Déjà 30 ans de métier derrière lui - hors débuts discographiques en 2000, 13 albums studio, 17 albums live (et j’en oublie sûrement), Joe Bonamassa est un phénomène rare et quiconque l’a entendu ou vu jouer en est convaincu. Et durant sa déjà longue et conséquente carrière, il a notamment pu jouer au côté de Jeff Beck alors qu’il n’était qu’un gamin ou auprès des plus grands bluesmen de légende, étant devenu lui-même un des plus grands, bien qu’encore contemporain certes. Chaque homme a des rêves et certains mettent tout en œuvre pour les atteindre.
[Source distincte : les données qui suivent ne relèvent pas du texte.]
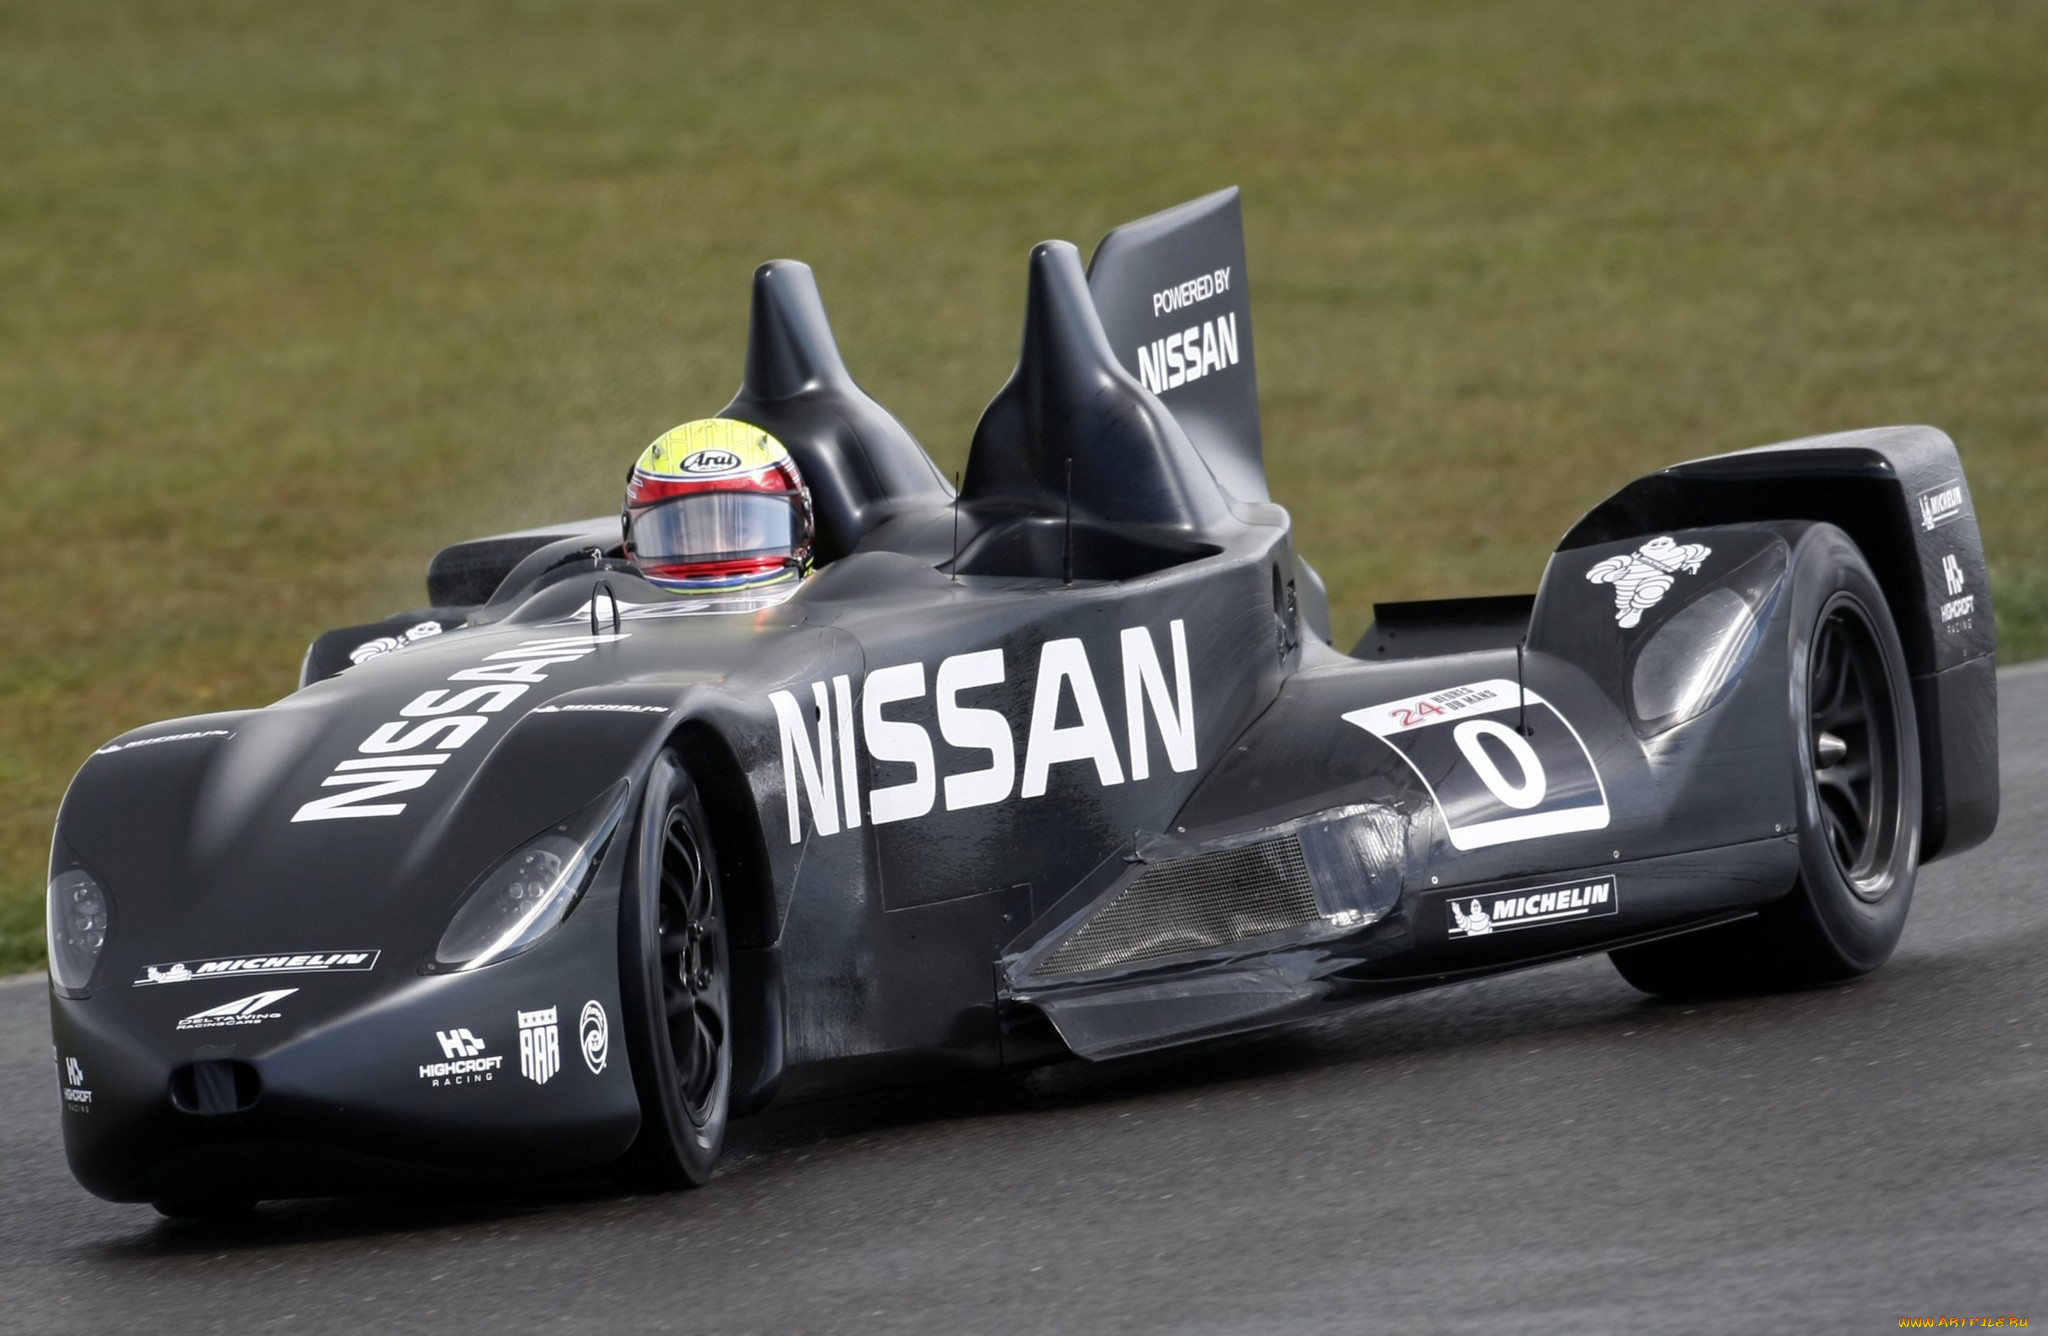 nissan deltawing experimental race car 2012, , nissan, datsun, deltawing, experimental, race, car, 2012

L’un de ceux de Joe Bonamassa était d’enregistrer dans le mythique studio 1 londonien du complexe Abbey Road et c’est désormais chose faite avec ce « Royal Tea » (un jeu de mot avec l’homonyme royalty, royauté faisant écho à la Reine Elizabeth mais également un terme qui désigne les droits d’auteur, les pépettes à son pépère !). Abbey Road, c’est les albums des BEATLES, le « Dark Side Of The Moon » de PINK FLOYD, la bande-son de l’épisode VI de la saga Star Wars, Le Retour Du Jedi, entre autres. Un temple.
Afin de mettre en forme les compositions de « Royal Tea », le guitariste-chanteur aux inamovibles lunettes noires et smoking a convoqué rien moins que Bernie Marsden (ancien guitariste de WHITESNAKE), Pete Brown qui fut parolier du groupe CREAM, l’illustre pianiste du cru qu’est Jools Holland et a composé le tout sur place avec du matériel vintage glané dans les meilleurs magasins de musique situés sur la célèbre Denmark Street connue des musiciens pour ses cavernes d’Ali Baba, contribuant selon lui à un ajout de valeur inestimable. A ce sujet, il précise « Je suis arrivé là-bas sans rien, juste quelques notes écrites et plein de bonnes intentions ». Et à l’écoute, on ne peut que se féliciter du résultat obtenu. Produit par le fidèle Kevin Shirley (également l’homme des manettes d’IRON MAIDEN), on entend sur cet album d’autres figures connues des fans, le bassiste Michael Rhodes, le batteur Anton Fig, le claviériste Reese Wynans ainsi que le trompettiste Lee Thornburg et le saxophoniste Paulie Cerra. Et le moins que l’on puisse dire, c’est que ça joue sévère et à un volume élevé selon les dires de Bonamassa, précisant que « les musiciens classiques sur place nous regardaient de travers lorsqu’on descendait en pause tellement on jouait fort ! »
L’album s’ouvre sur un titre épique, ''When One Door Opens'', doté d’un break rappelant quelques mesures du Boléro de Ravel et marquant de manière forte l’entrée en matière. Si l’éponyme ''Royal Tea'' apporte une petite note de légèreté tel un nuage de lait dans une tasse de Darjeeling, le blues langoureux reprend ses droits dès ''Why Does It Take So Long To Say Goodbye'' où sa montée en puissance lui fait côtoyer ensuite le hard dans sa tradition la plus british, le tout agrémenté d’arrangements luxueux. Quelques morceaux, sinon convenus, du moins typiques du style de JoBo (son surnom) s’accordent avec d’autres titres se démarquant vraiment du lot, à l’instar de ''A Conversation With Alice'', écrite en écho aux visites qu’il a faites auprès d’une professionnelle de l’écoute sur les conseils d’amis lui suggérant de parler de certains problèmes revenant de temps à autre, ''Lonely Boy'' et son atmosphère de Big Band et enfin ''Savannah'' qui apporte une touche country avant de prendre congé à l’issue de ce tea time.
Il est difficile de parler d'un album de Joe Bonamassa pour deux raisons, l’une bonne et l’autre un peu moins. La bonne est que l’on constate une qualité constante et très élevée à chaque parution discographique. La deuxième est que son style d’écriture et sa voix étant tellement marqués qu’il lui est difficile de renouveler totalement le propos, donnant parfois le sentiment d’avoir affaire – parfois seulement – à des chansons interchangeables. Cela n’enlève rien à la maestria et au talent du bonhomme et chaque livraison apporte à coup sûr avec elle son lot d’exquis muffins, « Royal Tea » n’échappant pas à la règle.